Work instruction =
Write out every entry, unchanged. Skip any picture.

==== Materials provided ====

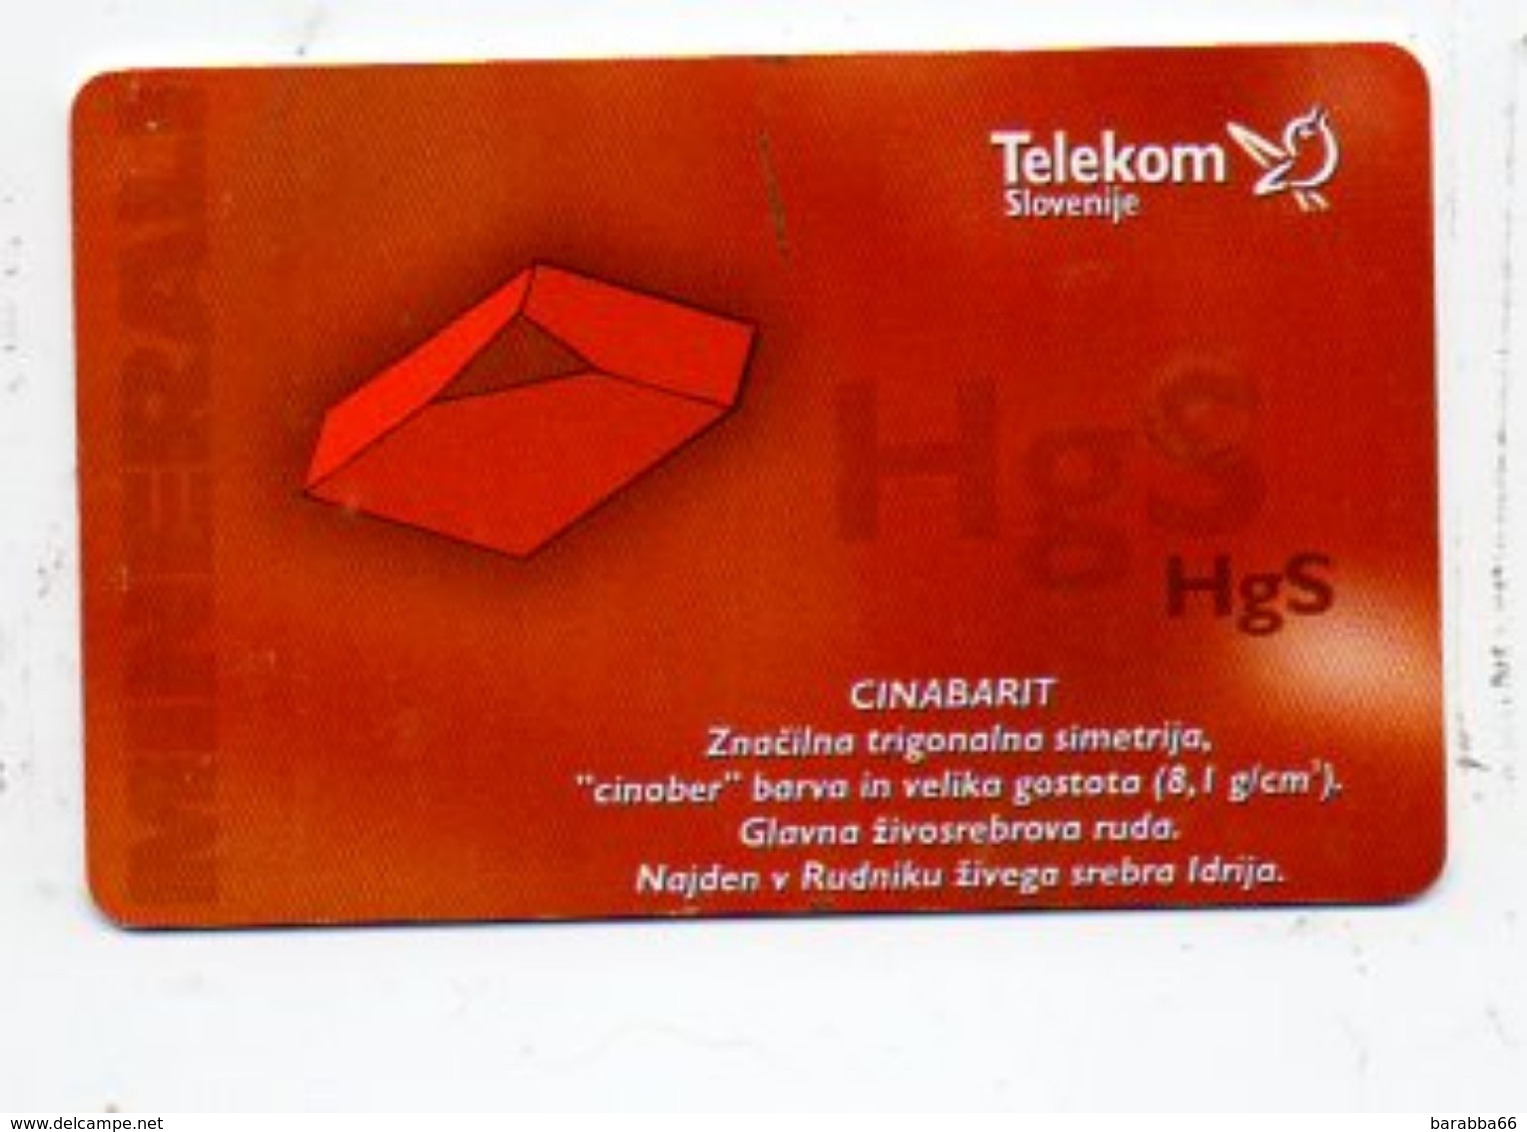 Telekom Slovenije 300 Imp. Phonecard - Slovenia
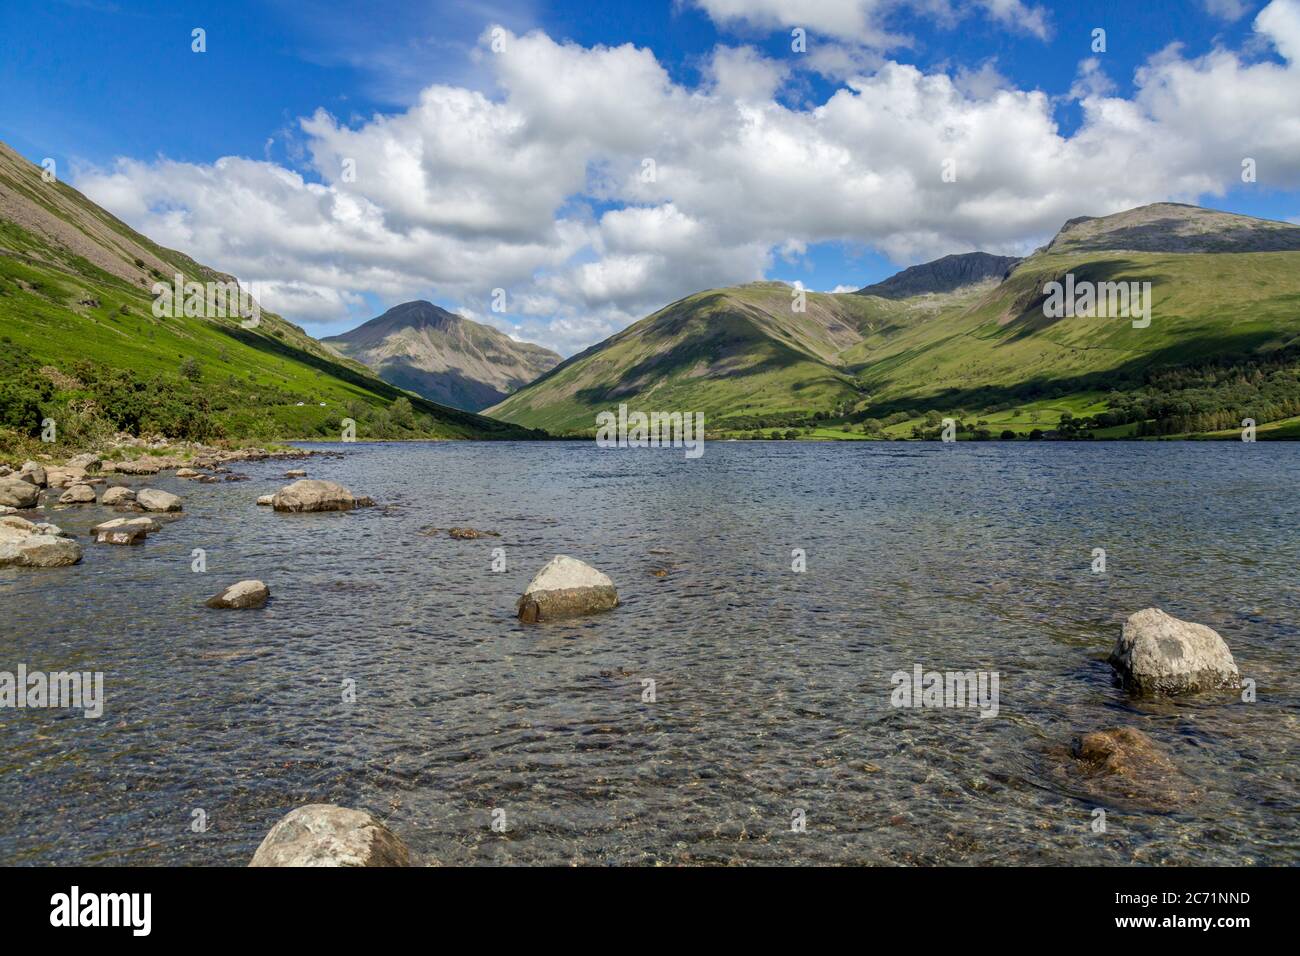 Die Ufer des Wassers, See im Lake District National Park, England. Berge und Hügel des Western Lake District im Hintergrund. Stockfoto
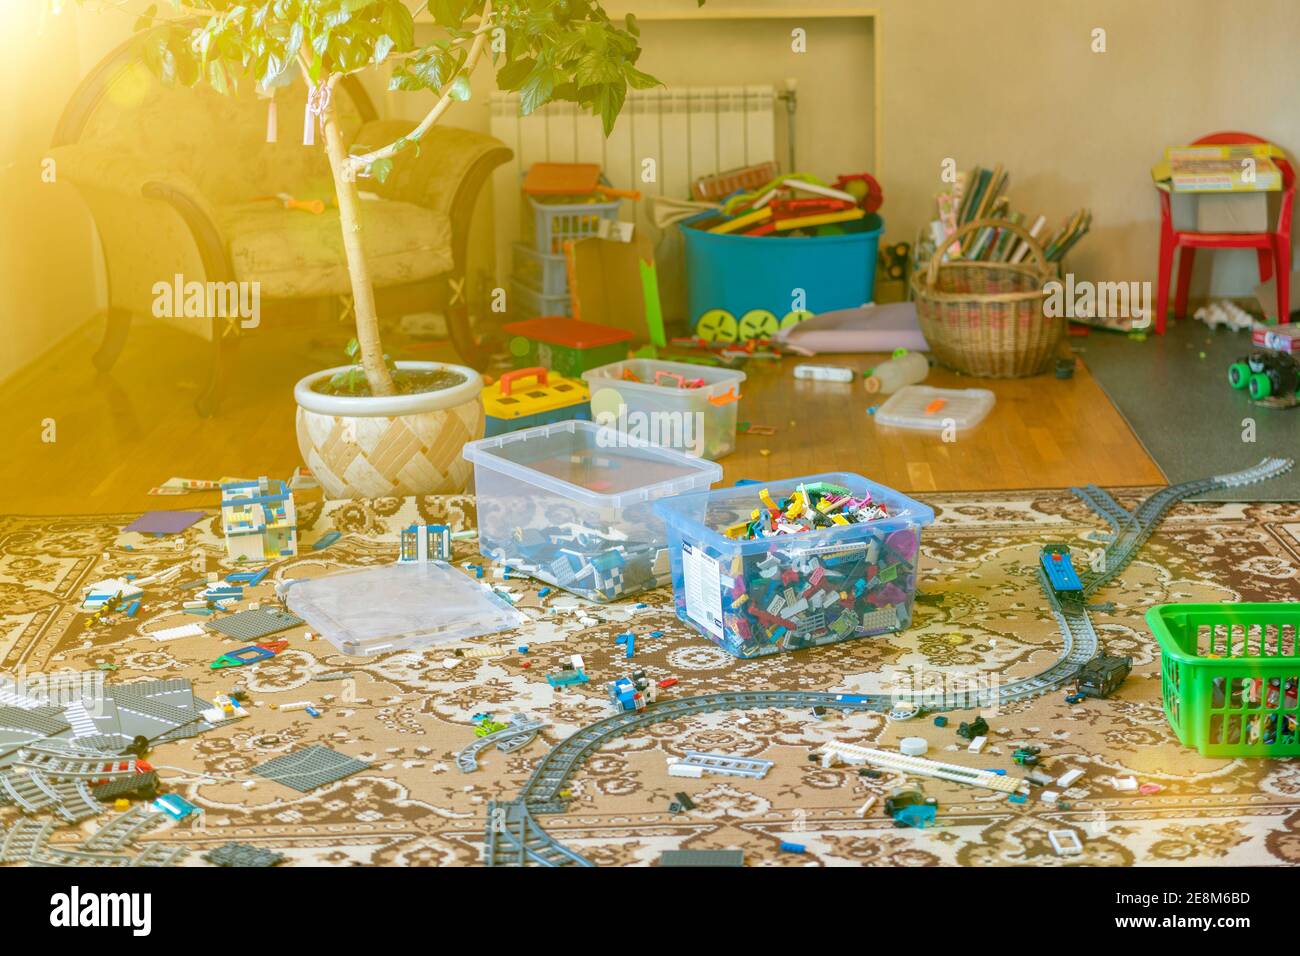 Games floor for preschoolers kindergarten. interior children's room. mess in the room. mess in the children's room, scattered toys, boxes on the floor Stock Photo
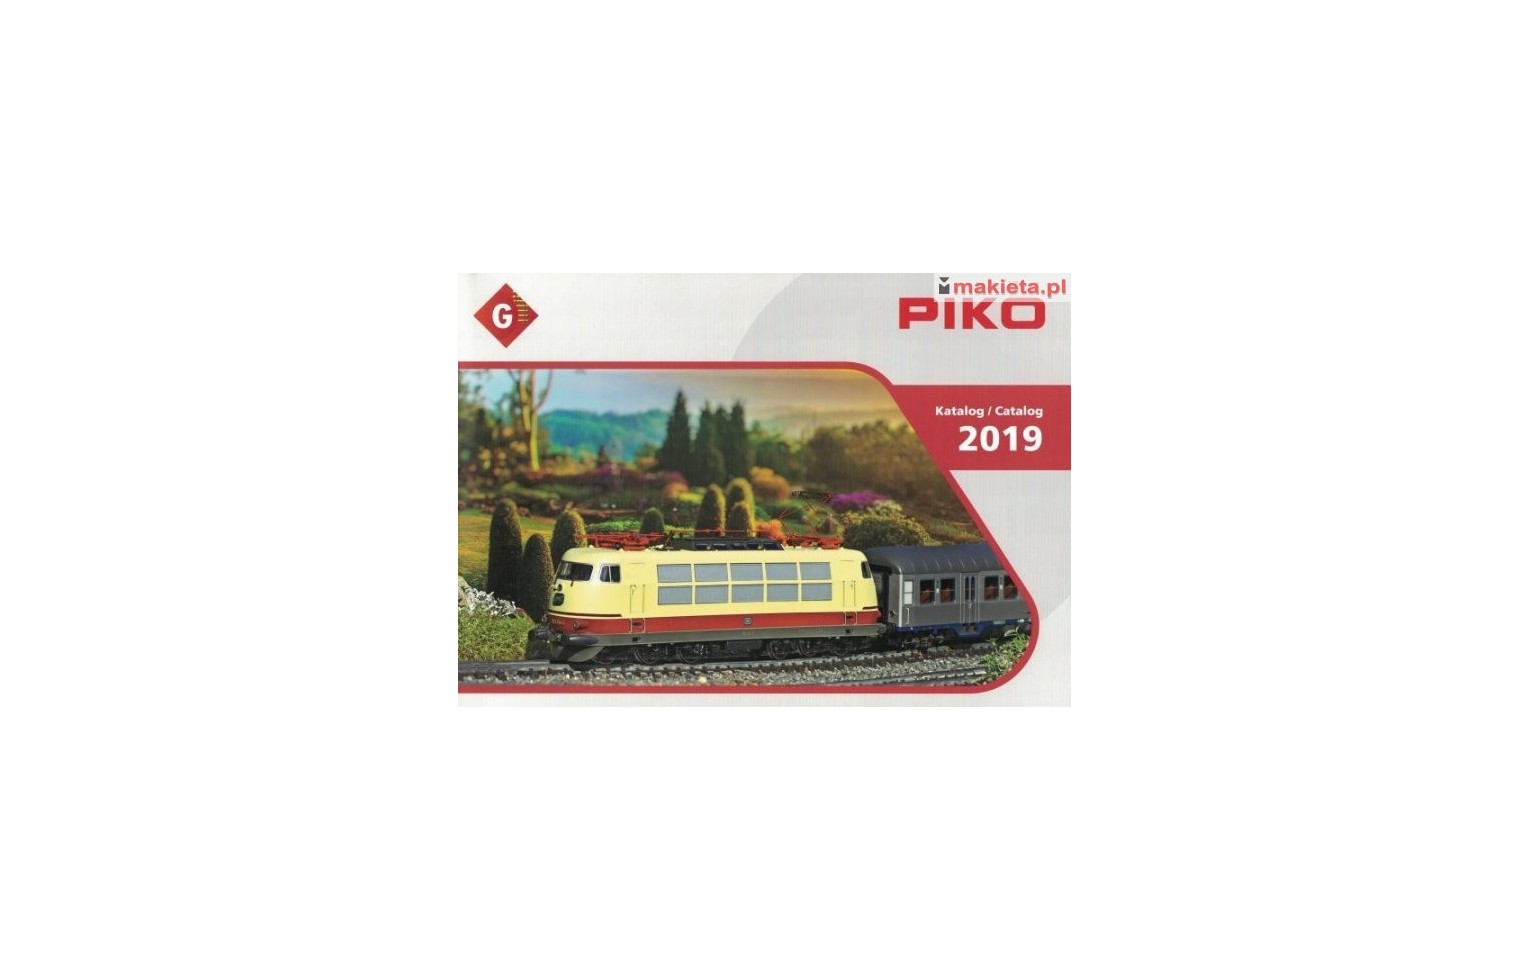 PIKO 99709, katalog skali G - 2019
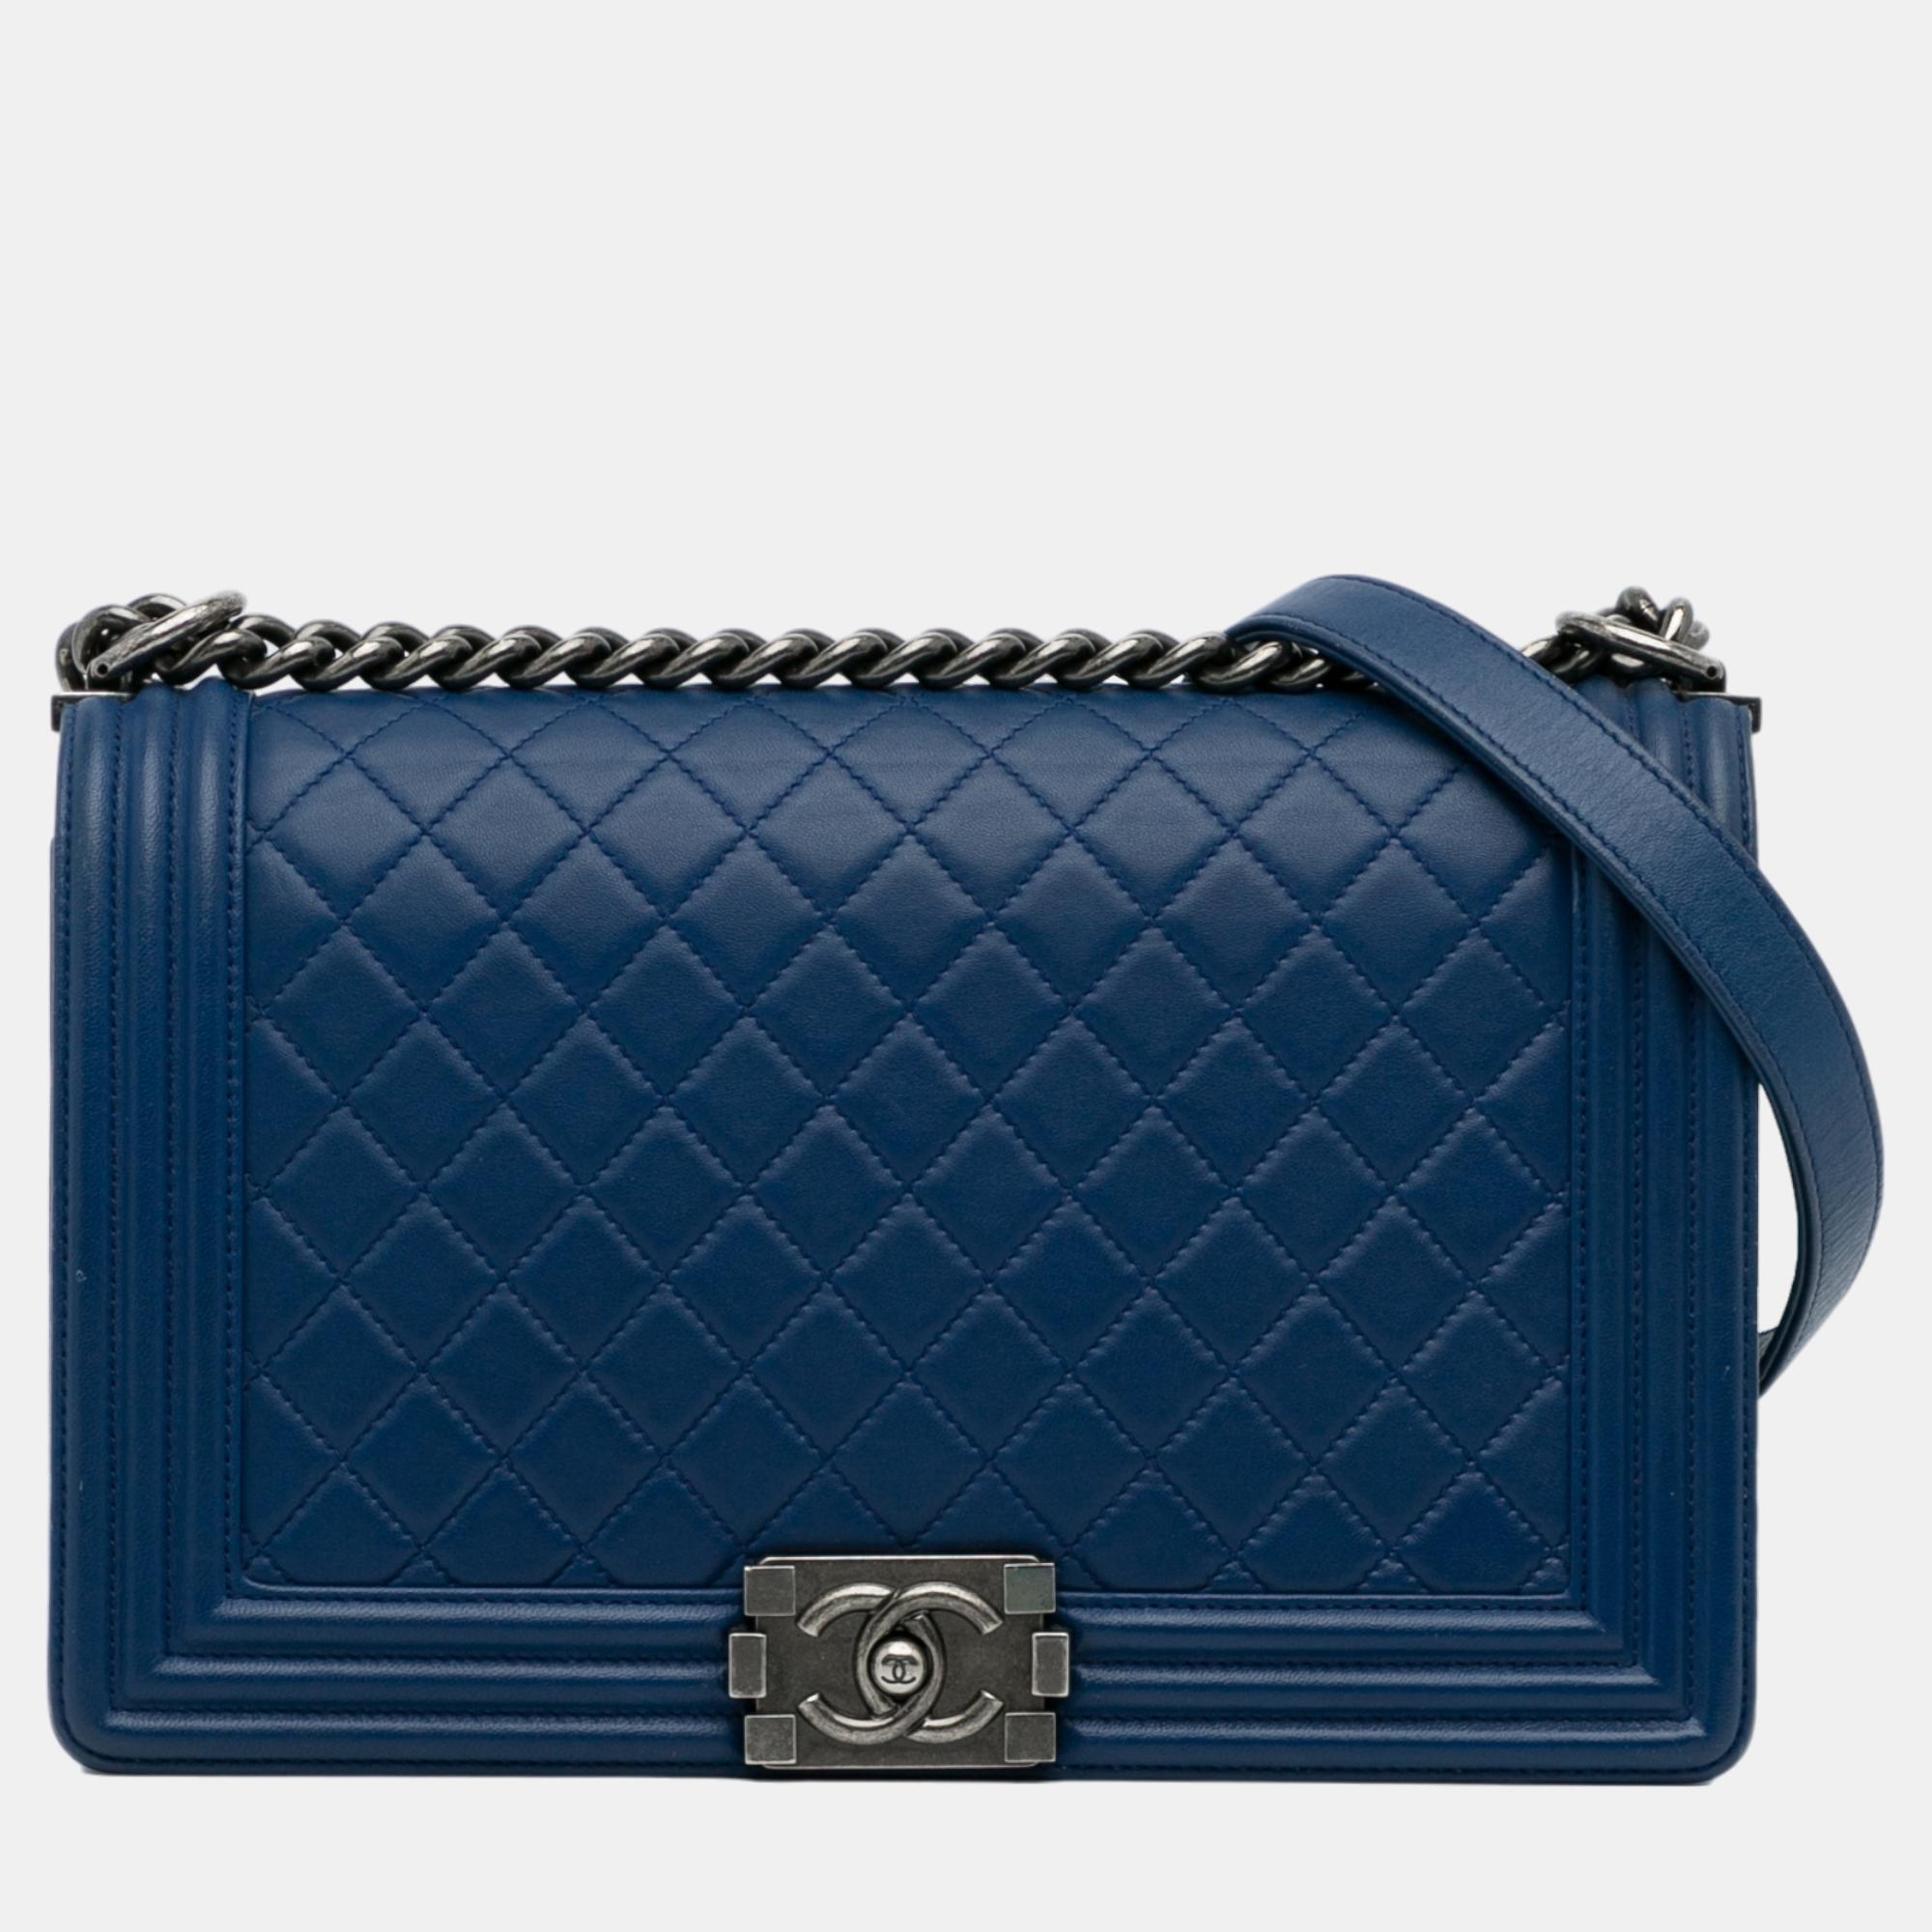 Chanel Blue Medium Lambskin Boy Flap Bag

====

Answer to the exercise =
 Telekom Slovenije 300 Imp. Phonecard - Slovenia
 Die Ufer des Wassers, See im Lake District National Park, England. Berge und Hügel des Western Lake District im Hintergrund. Stockfoto
 Games floor for preschoolers kindergarten. interior children's room. mess in the room. mess in the children's room, scattered toys, boxes on the floor Stock Photo
 PIKO 99709, katalog skali G - 2019
 Chanel Blue Medium Lambskin Boy Flap Bag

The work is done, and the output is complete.